And a few minutes later Grandma began the story.
“It was in the spring. Father was making garden, and he broke the hoe handle. All the boys were away from home helping a neighbor, so Father wanted Aggie or Belle to take the hoe to have a handle put in at the blacksmith shop at Nebo Cross Roads a mile away. But the girls were getting ready to go to a quilting, and I begged to be allowed to take the hoe to the blacksmith shop.
“Mother was afraid at first, but Father said there was nothing to hurt me, and Mother finally gave in. So right after dinner, carrying the hoe and a poke of cookies to eat if I got hungry, I started out.
“I was to leave the hoe at the shop and go on down the road to Strangs’ to wait till the hoe was mended. I can remember yet how important I felt going off alone like that. I picked wild flowers and munched cookies and sang all the songs I knew.
“Mr. Carson, the blacksmith, said it would be a couple of hours before the hoe would be ready, and I went down to Strangs’ to wait. But when I got there I found the house all locked up and no one at home. I sat down on the steps to wait for some one to come, but the heat and the quiet made me sleepy so I got up and moved around the yard. I was lonely there by myself. I walked around looking at the flowers and the garden and the chickens and played a while with a kitten I found sleeping in the sun. I thought that afternoon would never end. Surely I had been there two hours. I started for the blacksmith shop. Maybe it would be closed. I ran all the way. Mr. Carson looked surprised when I asked for the hoe.
I played a while with a kitten
“‘Why, it’s only been a half-hour since you went away,’ he said.

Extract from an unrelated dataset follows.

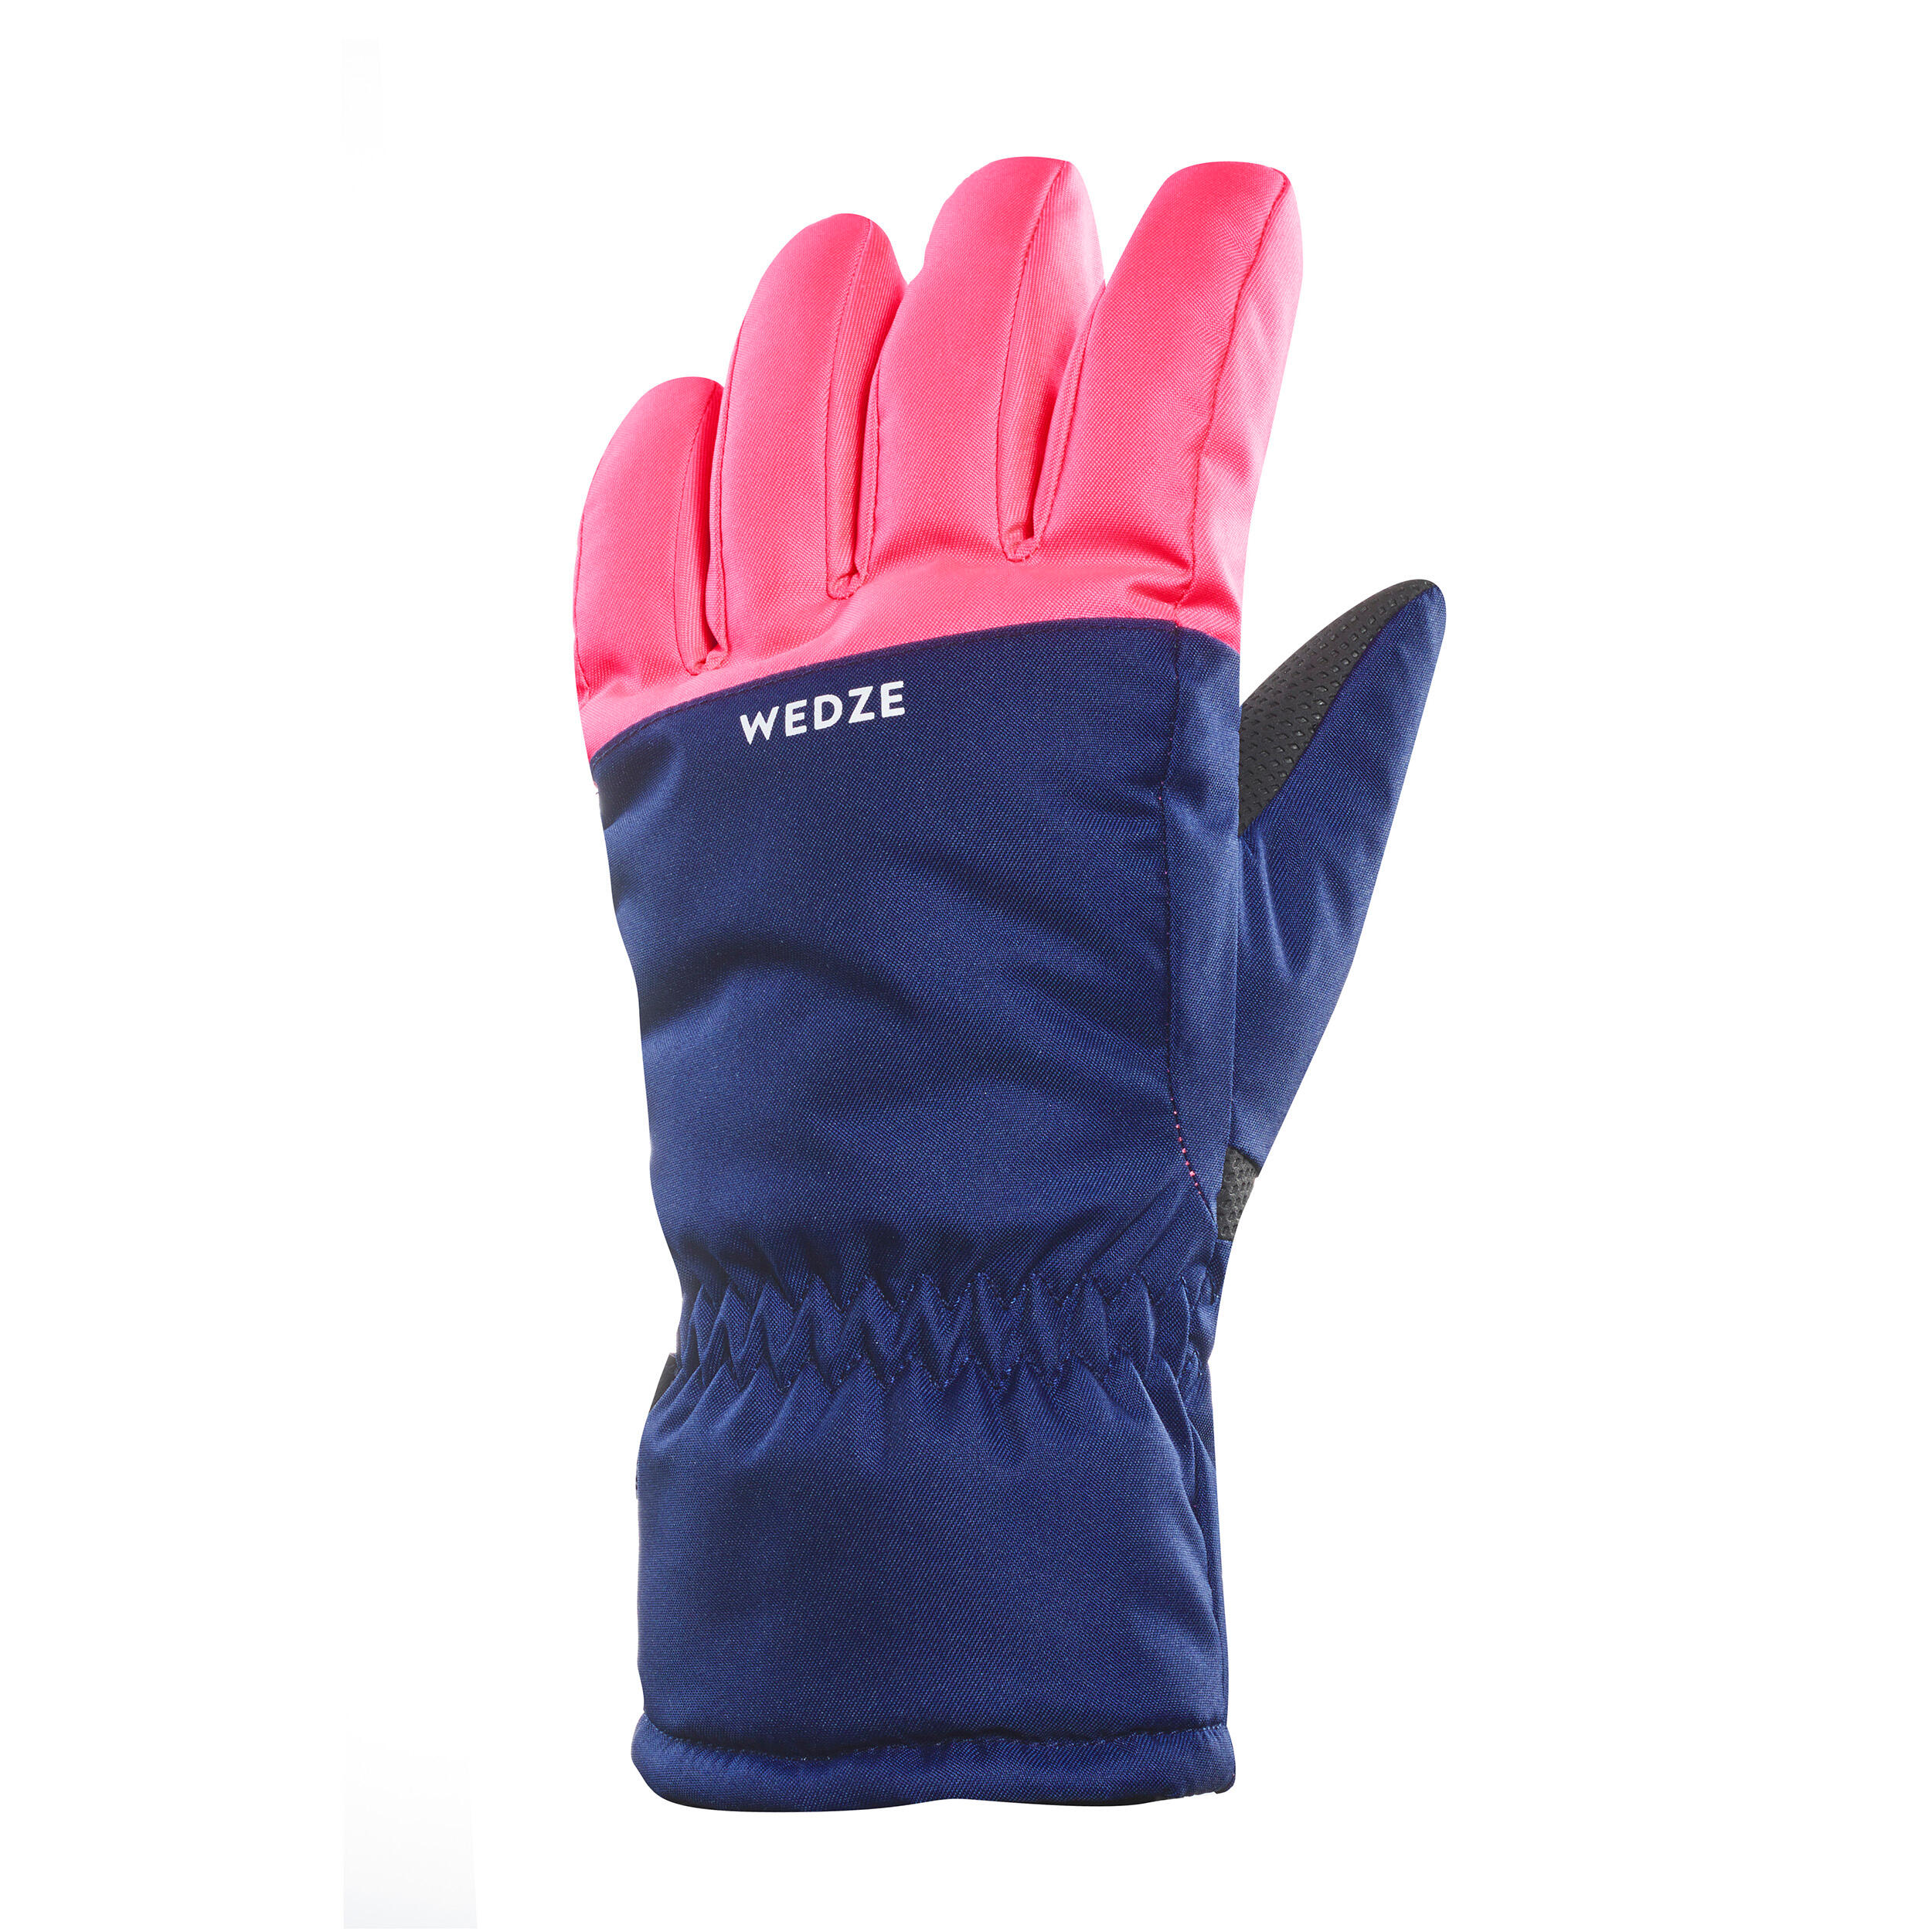 gants de ski chauds et imperméables enfant - 100 bleu et rose fluo - wedze
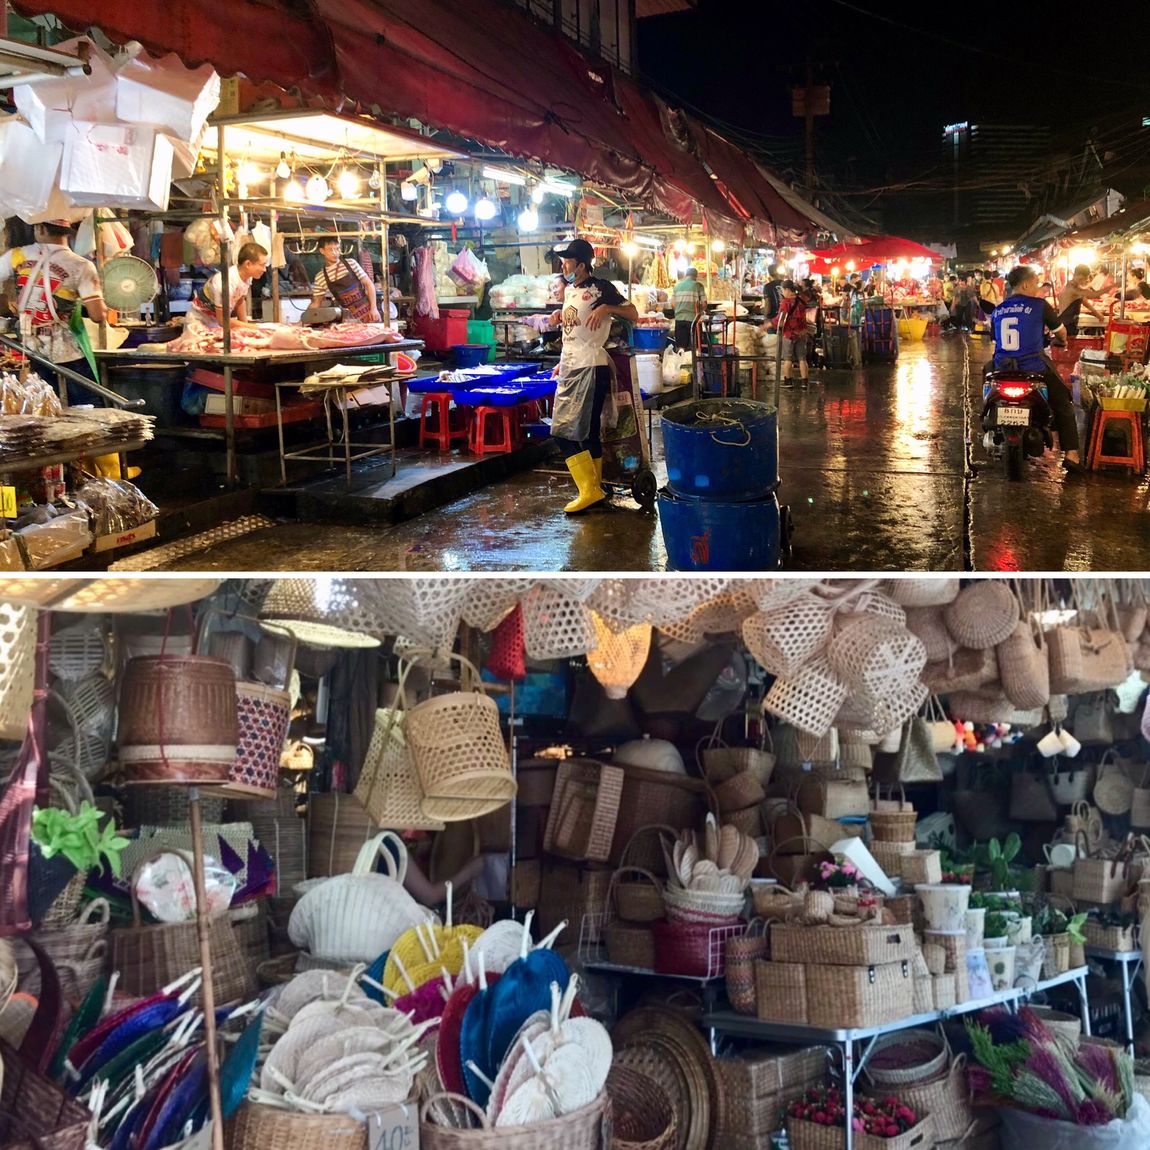 【銀座】「世界の無印良品」紹介 | MUJI THAILANDのMUJI Samyan Mitrtown店舗と地域

“I went back to Strangs’, and this time I was determined to wait a long time. After a while Isabel Strang came home. She had been at the quilting, but all the rest of the family had gone away to stay several days. Isabel was going to our house to spend the night if she got through the evening’s work in time. She had come past our house, and Mother had told her to keep me all night with her for company if she could not get back before dark and to send me home early in the morning.
“Isabel hurried, and while she milked the cows and fed the pigs and chickens and got supper I went after the hoe.